Excel statisticals: How to calculate p-value of a 2x2 contingency table?
给出的数据如:
A B C
1 Group 1 Group 2
2 Property 1 56 651
3 Property 2 97 1,380
如何直接计算 p-value(即 chi-squared 分布的 "right-tail" 概率),而无需为 [= 的预期值设置单独的计算44=]?
p-value 由函数 ChiSq.dist.RT
在 Excel 中计算 如果您知道 chi-squared 的值对于 table 或 ChiSq.Test
如果您知道 "expected values" 的 table 代表 table。 chi-squared的值是用期望值计算出来的,而期望值是由原来的table通过稍微复杂的公式计算出来的,所以不管怎样,Excel都需要我们计算期望值为了获得 p-value 而重视自己,这看起来 kind-of 很愚蠢。那么,如何在不单独计算期望值的情况下得到Excel中的p-value呢?
编辑:此问题最初发布时的标题为 "How to calculate Pearson correlation coefficient with 2-property arrays?",询问函数 pearson 给出错误答案的原因。好吧,答案是我混淆了 p-value 和 Pearson 相关系数,它们是不同的东西。因此,我重新制定了问题以询问我真正需要知道的内容,并发布了答案。我会等一会儿再接受我自己的答案,以防其他人有更好的答案。
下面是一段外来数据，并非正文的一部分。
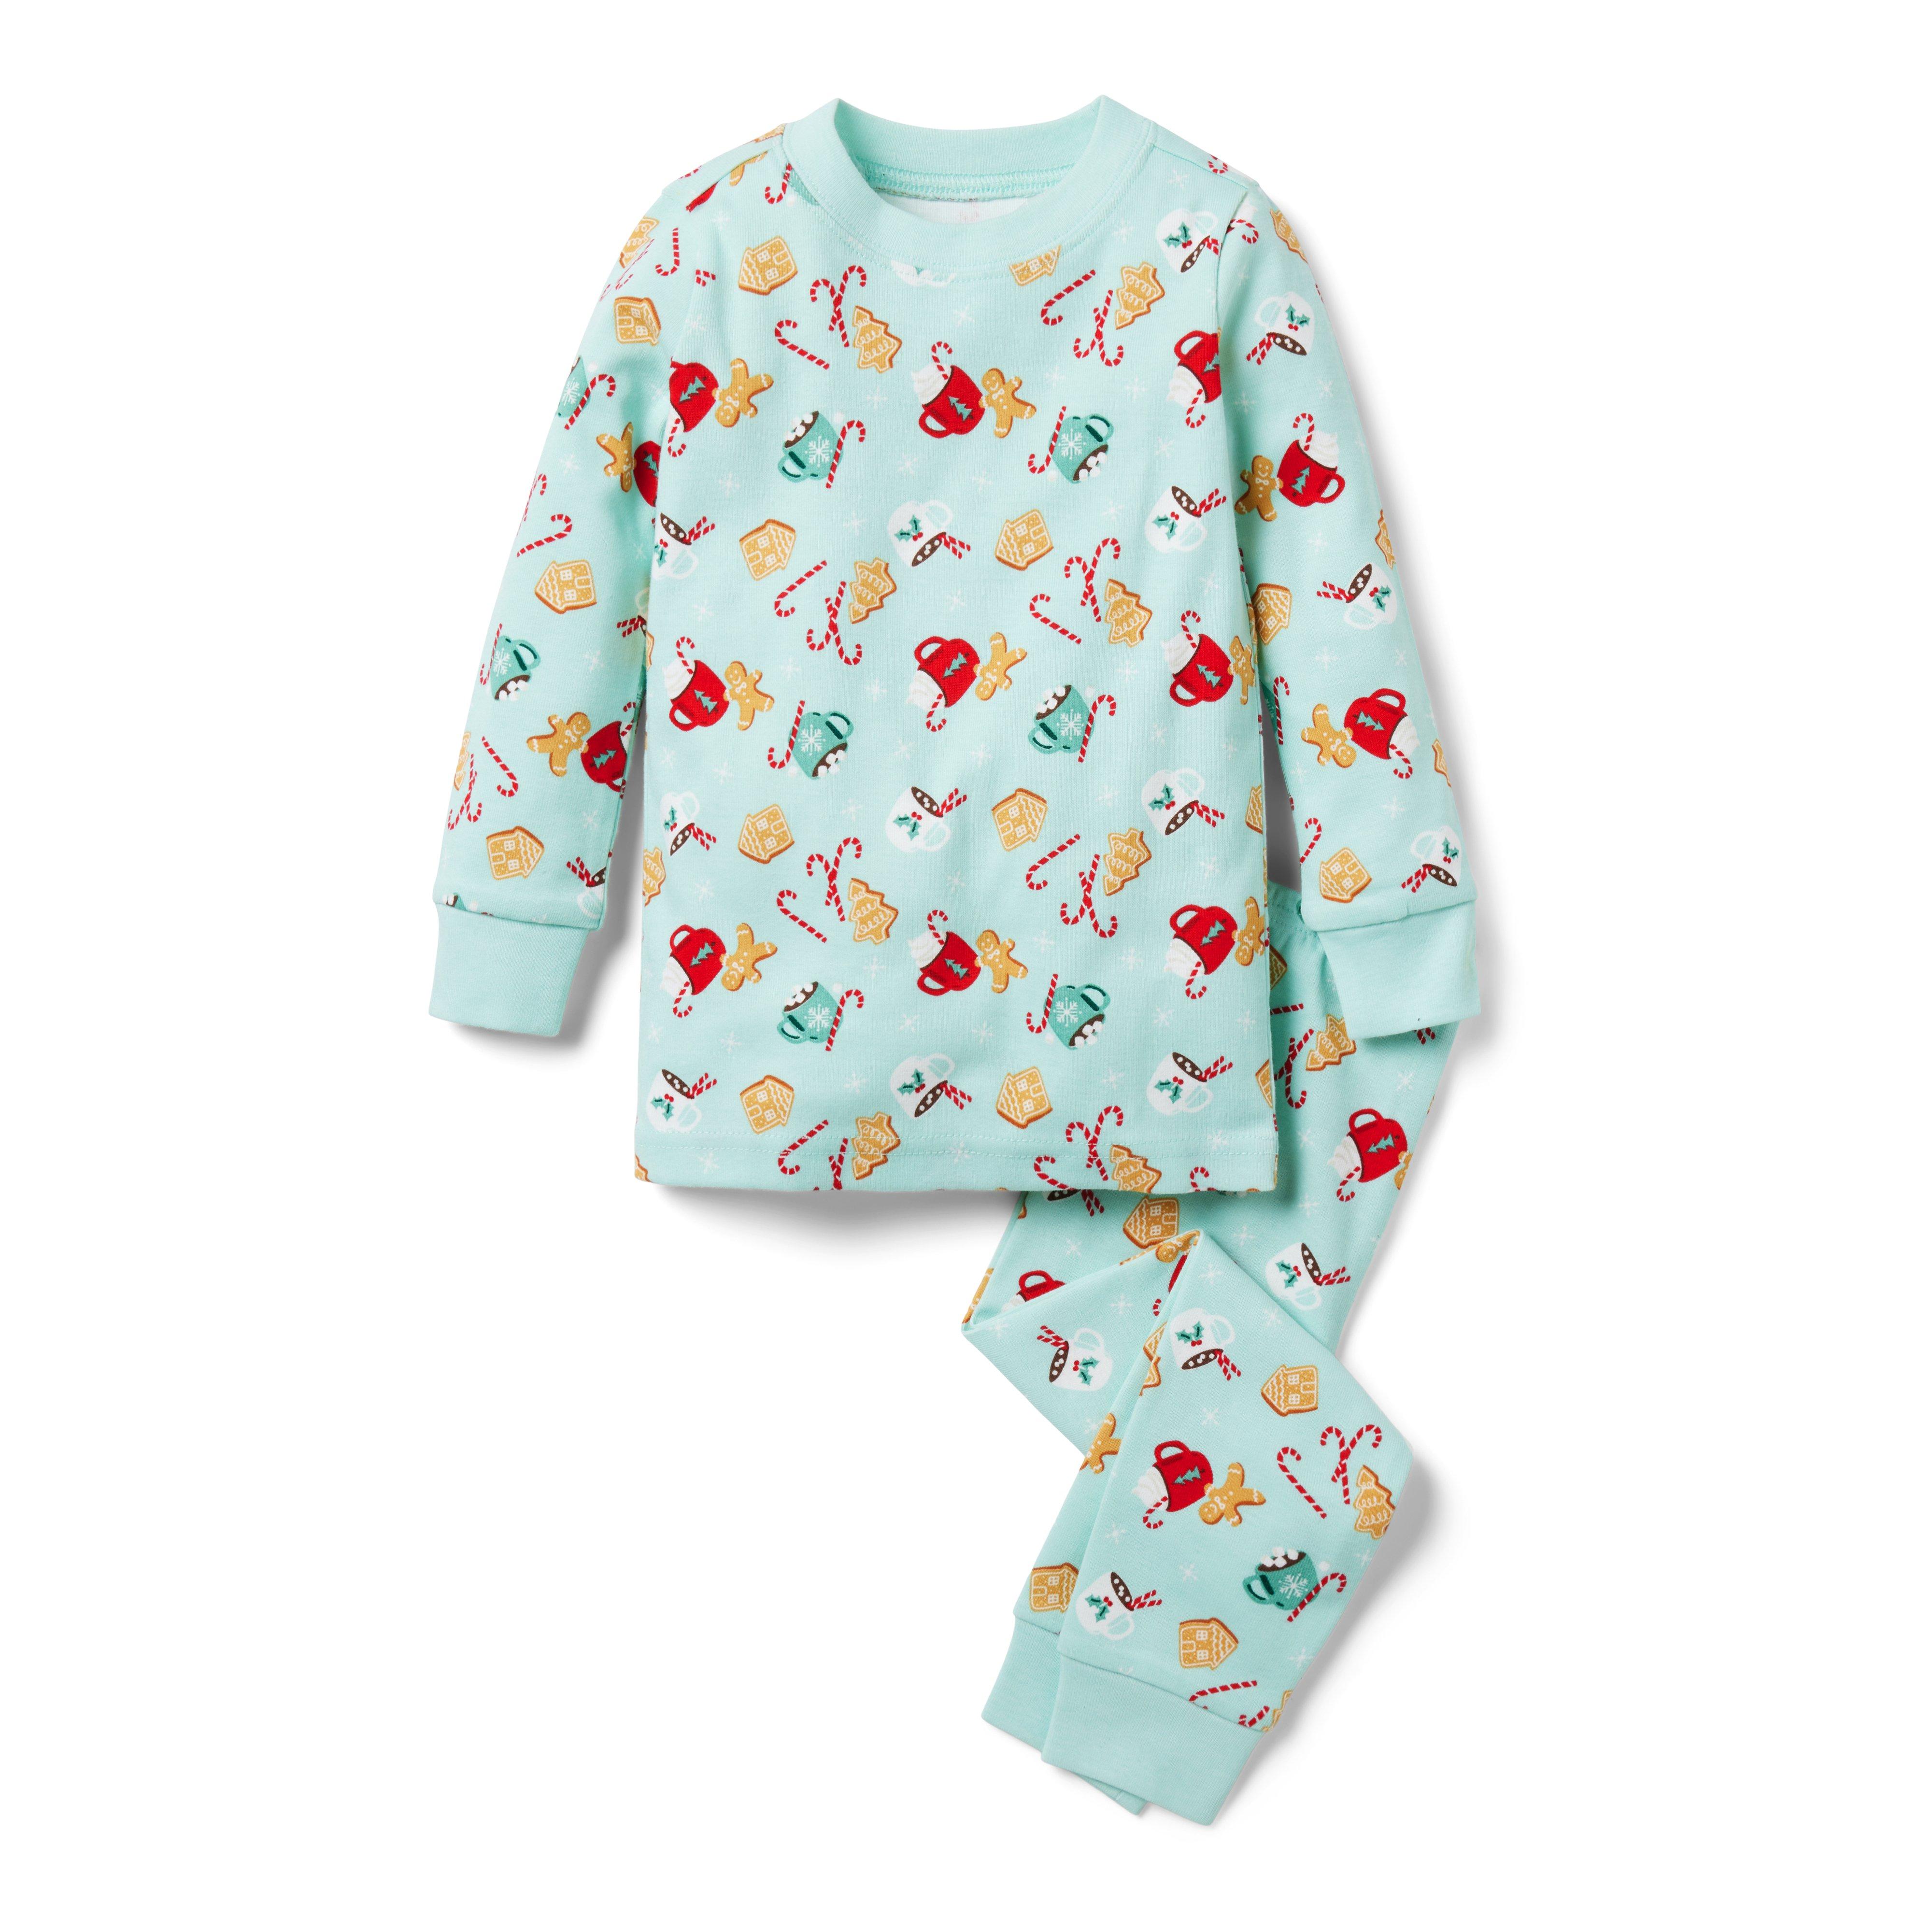 Sleepwear & Pajamas for Girls, Boys, Newborns, and Tween at Janie and Jack

在我看来,这需要 VBA。我编写了以下 VBA 函数来计算卡方值或 p 值,以及 2x2 意外事件 table:
的其他两个关联度量
Public Function nStatAssoc_2x2(sType As String, nGrp1PropCounts As Range, nGrp2PropCounts As Range) As Single
' Return one of several measures of statistical association of a 2×2 contingency table:
' Property 1 Property 2
' Group 1 nCount(1, 1) nCount(1, 2)
' Group 2 nCount(2, 1) nCount(2, 2)
' sType is: to calculate:
' "OR" Odds ratio
' "phi" Phi coefficient
' "chi-sq" Chi-squared
' "p" p-value, i.e., right-tailed probability of the chi-squared distribution
' nGrp<n>PropCounts is a range of two cells containing the number of members of group n that have each of two properties.
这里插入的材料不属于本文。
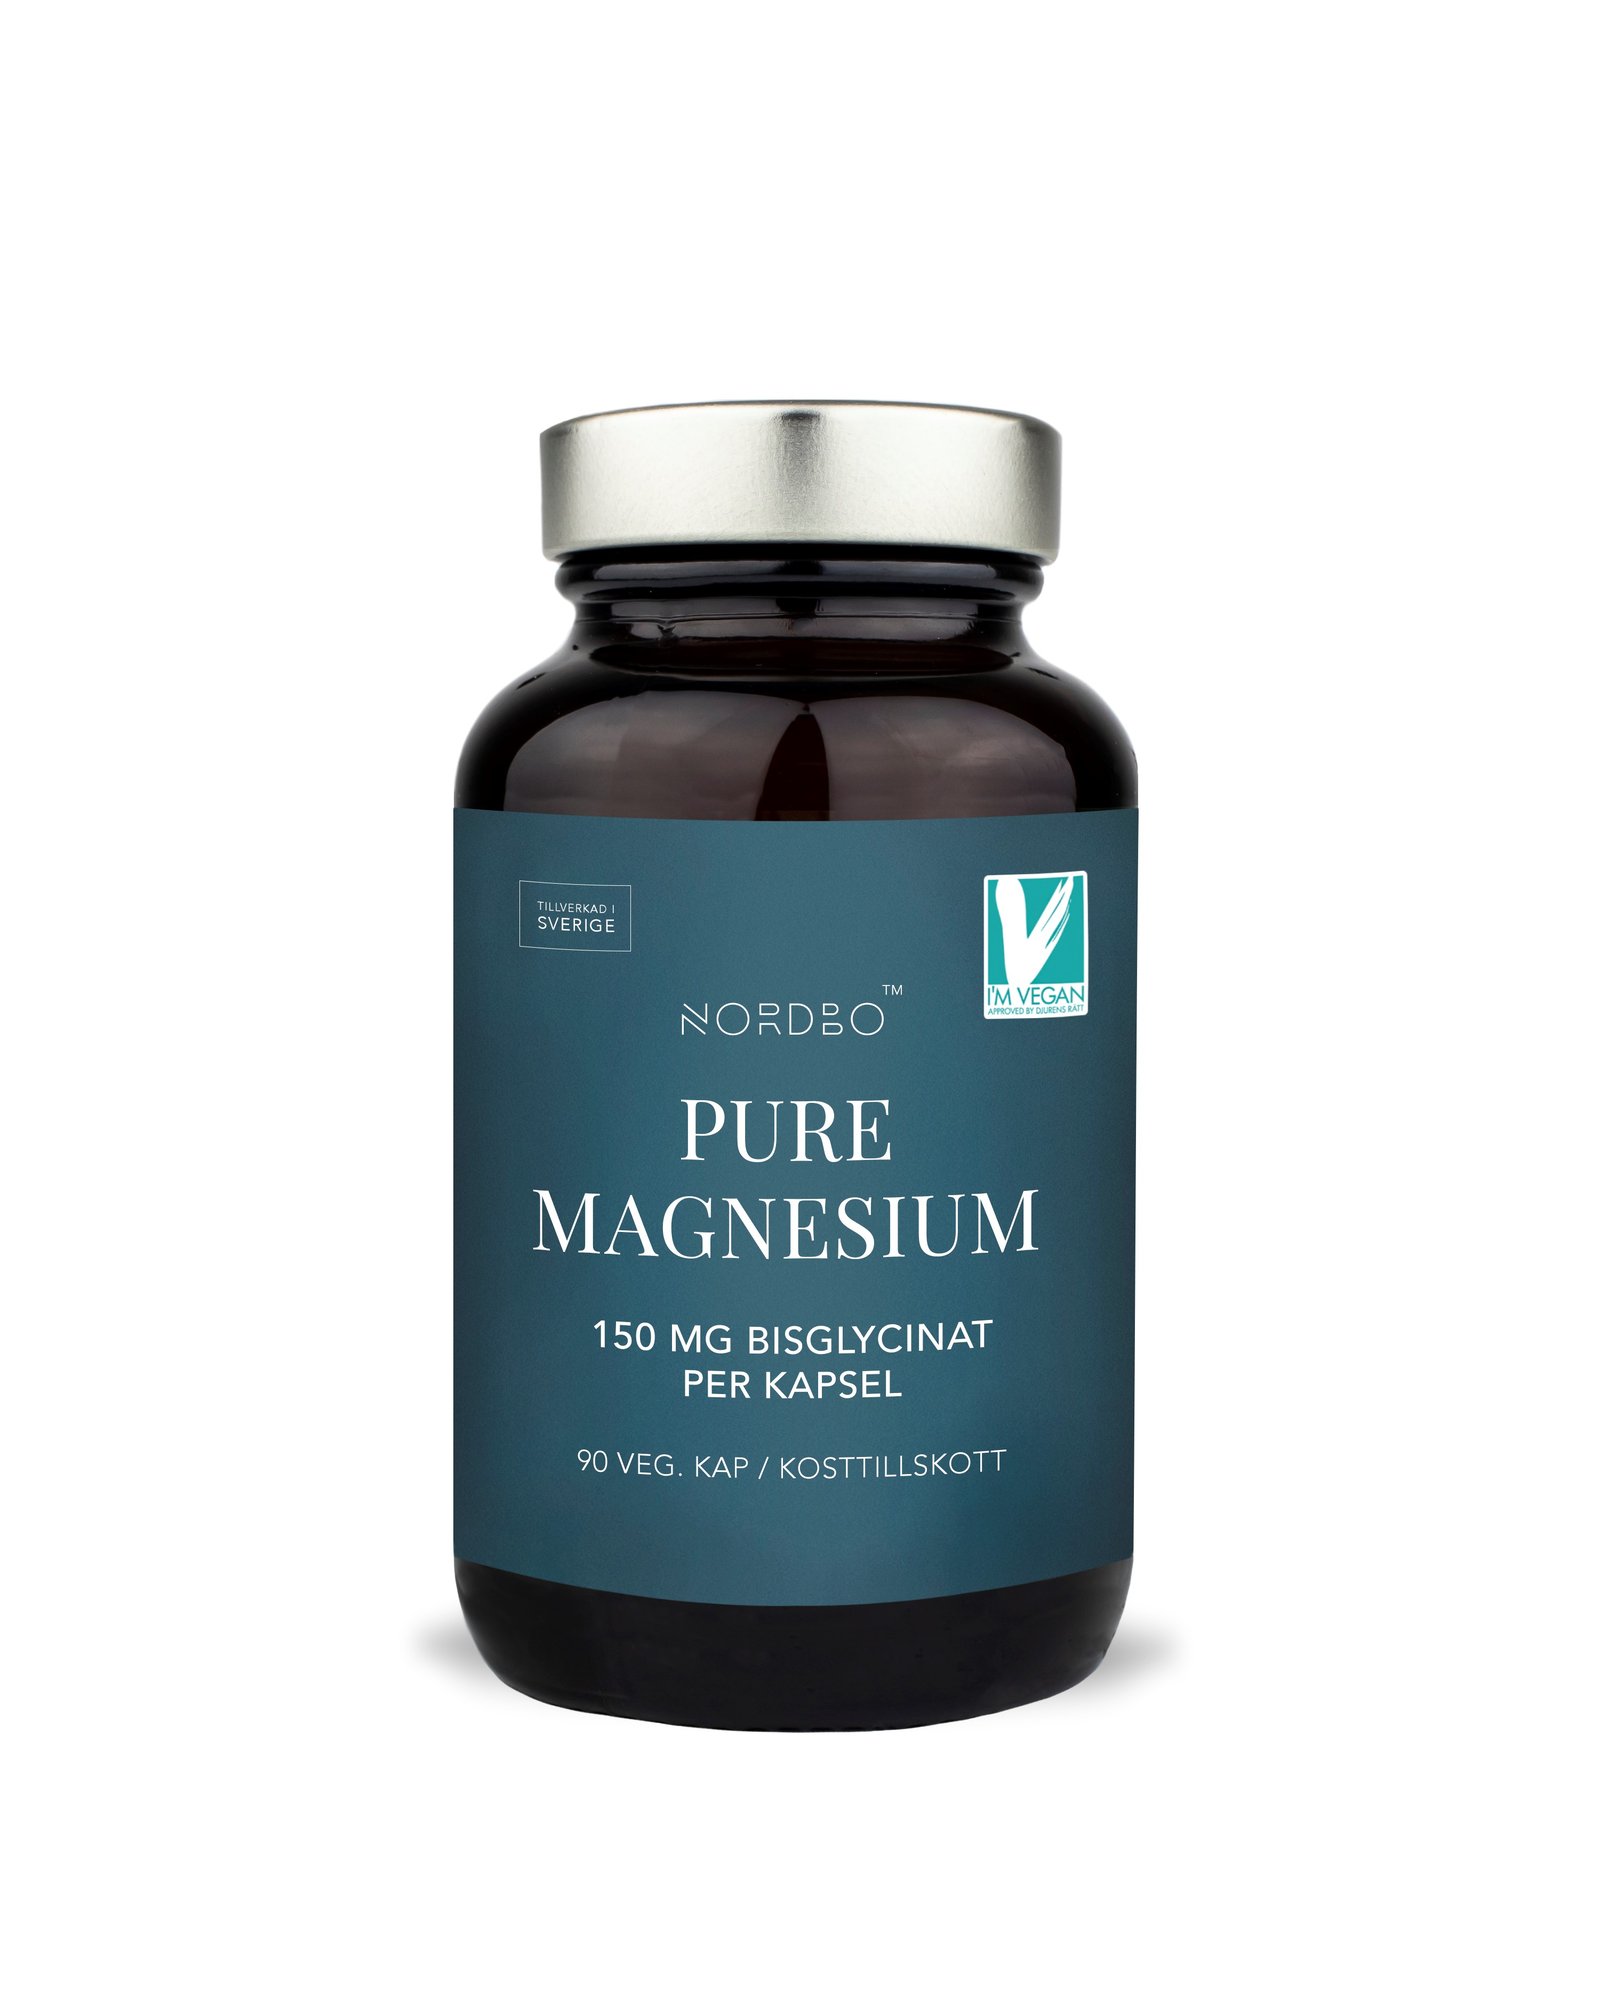 Nordbo Pure Magnesium 100 % Bisglycinat 90 kapslar

' These arguments are 1-D arrays in order to allow the data to appear in non-adjacent ranges in the spreadsheet.
' References:
' Contingency table: https://en.wikipedia.org/wiki/Contingency_table
' Measure of association: www.britannica.com/topic/measure-of-association
' Odds ratio: https://en.wikipedia.org/wiki/Odds_ratio
' https://en.wikipedia.org/wiki/Effect_size#Odds_ratio
' Phi coefficient: https://en.wikipedia.org/wiki/Phi_coefficient
' Chi-sq: https://en.wikipedia.org/wiki/Pearson's_chi-squared_test#Calculating_the_test-statistic
' www.mathsisfun.com/data/chi-square-test.html
' Shows calculation of expected values.
' p-value: https://docs.microsoft.com/en-us/office/vba/api/excel.worksheetfunction.ChiSq_Dist_RT
Dim nCount(1 To 2, 1 To 2) As Integer
Dim nSumGrp(1 To 2) As Integer, nSumProp(1 To 2) As Integer, nSumAll As Integer
Dim nExpect(1 To 2, 1 To 2) As Single
Dim nIndex1 As Byte, nIndex2 As Byte
Dim nRetVal As Single
' Combine input arguments into contingency table:
For nIndex1 = 1 To 2
nCount(1, nIndex1) = nGrp1PropCounts(nIndex1)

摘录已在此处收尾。